Он даже думал, что Польша нам вред и болезнь.

– Наполеон, говорит, ошибался, называя Кавказ нашим вечным чирьем, – настоящий вечный чирий наш – Польша, и мы ее будем таскать, пока не загородимся полосою западного края, а саму Польшу бросим. Иначе она нам нагадит, напустит внутреннего разлада (что, кажется, и сбывается). Но я возвращаюсь к прерванному разговору Самбурского с Лахтиным.

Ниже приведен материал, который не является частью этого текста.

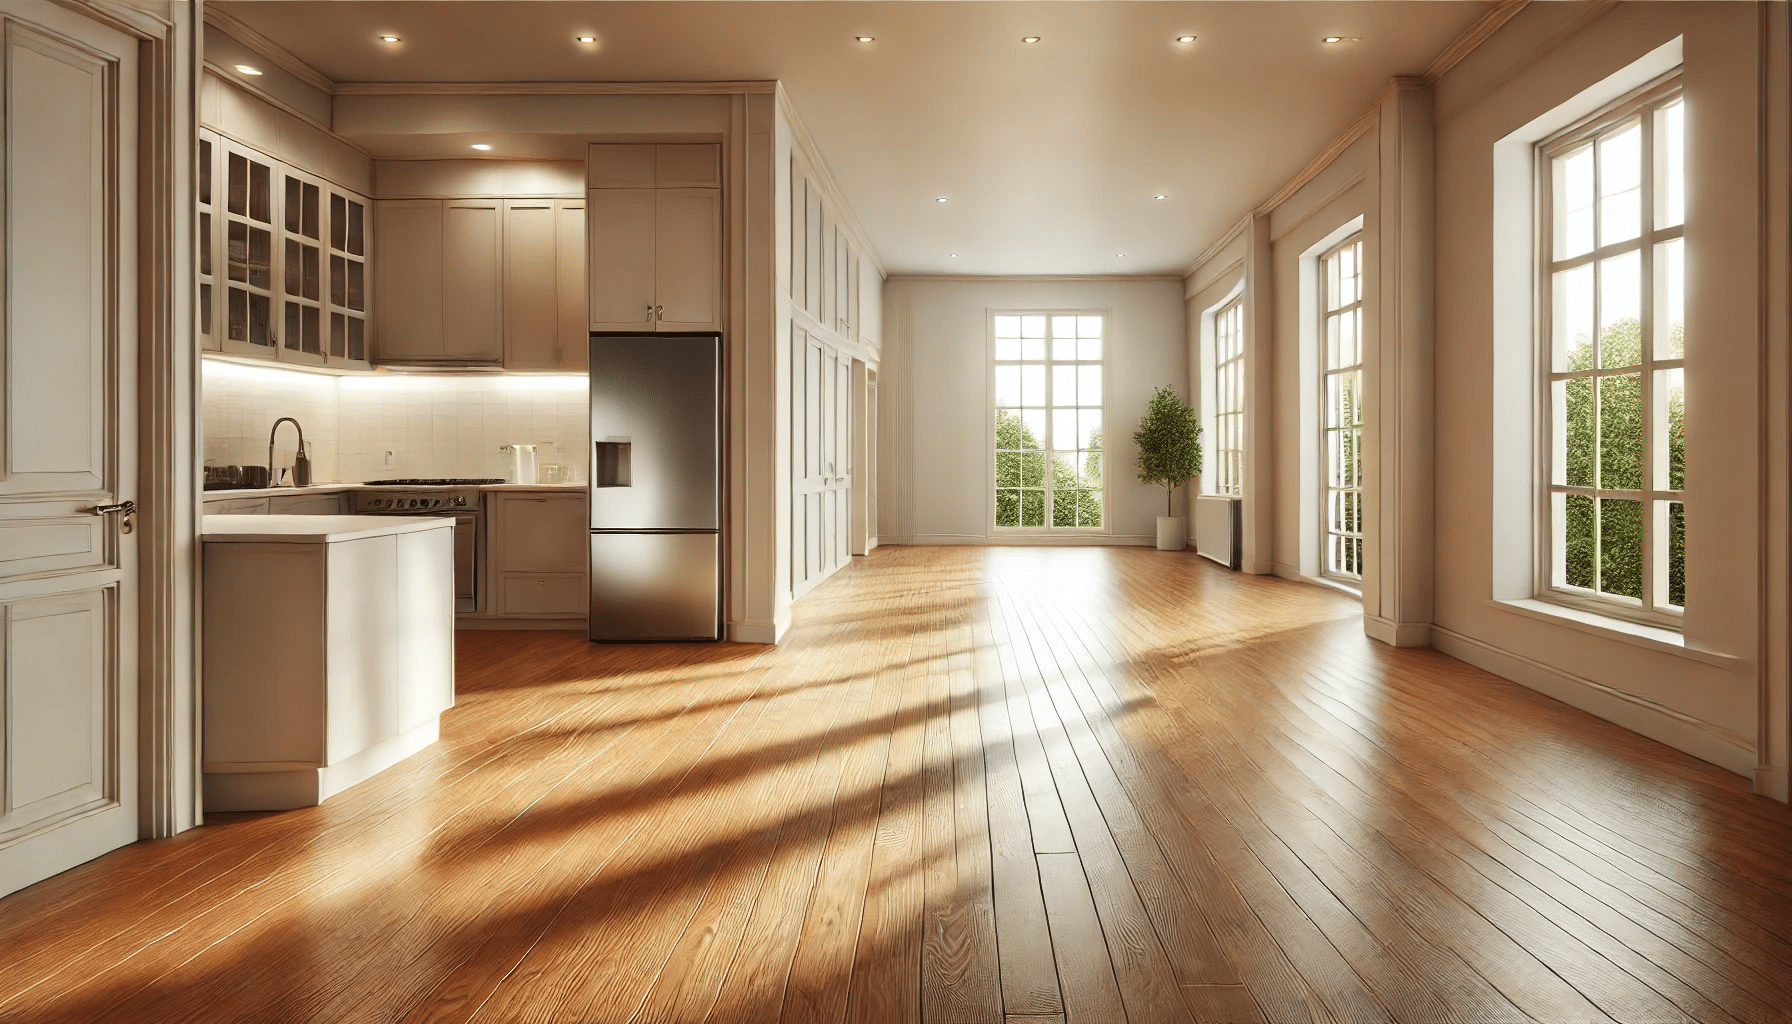 Selling an Empty House – Is it Easier?

– Непременно, – сказал Самбурский, – надо на будущее время сделать невозможными такие кровопролития; а если вести дела так, как они ведутся, то нет никаких оснований предполагать, что это когда-нибудь кончится. Усмирим мятеж, подсечем старые корни, а молодые побеги опять отрыгнут, и через несколько лет снова готова такая же история.

Лахтин качнул в знак согласия головою и сказал:

– Это иначе и быть не может.

– Да; это очень естественно, – согласился Самбурский: – если прилагать к нашим расправам с Польшей один узкий масштаб военных занятий западного края, то это не может быть иначе. Пушки и ружья, по моему мнению, не имеют того влияния, какое нужно, чтобы раз навсегда отучить поляков от неуместных претензий на Литву и на юго-западный край, населенный народом, который поляков не любит. Нужно еще особое орудие.

– Какое же?

– А вот отгадайте.

– Не могу, – отвечал Лахтин.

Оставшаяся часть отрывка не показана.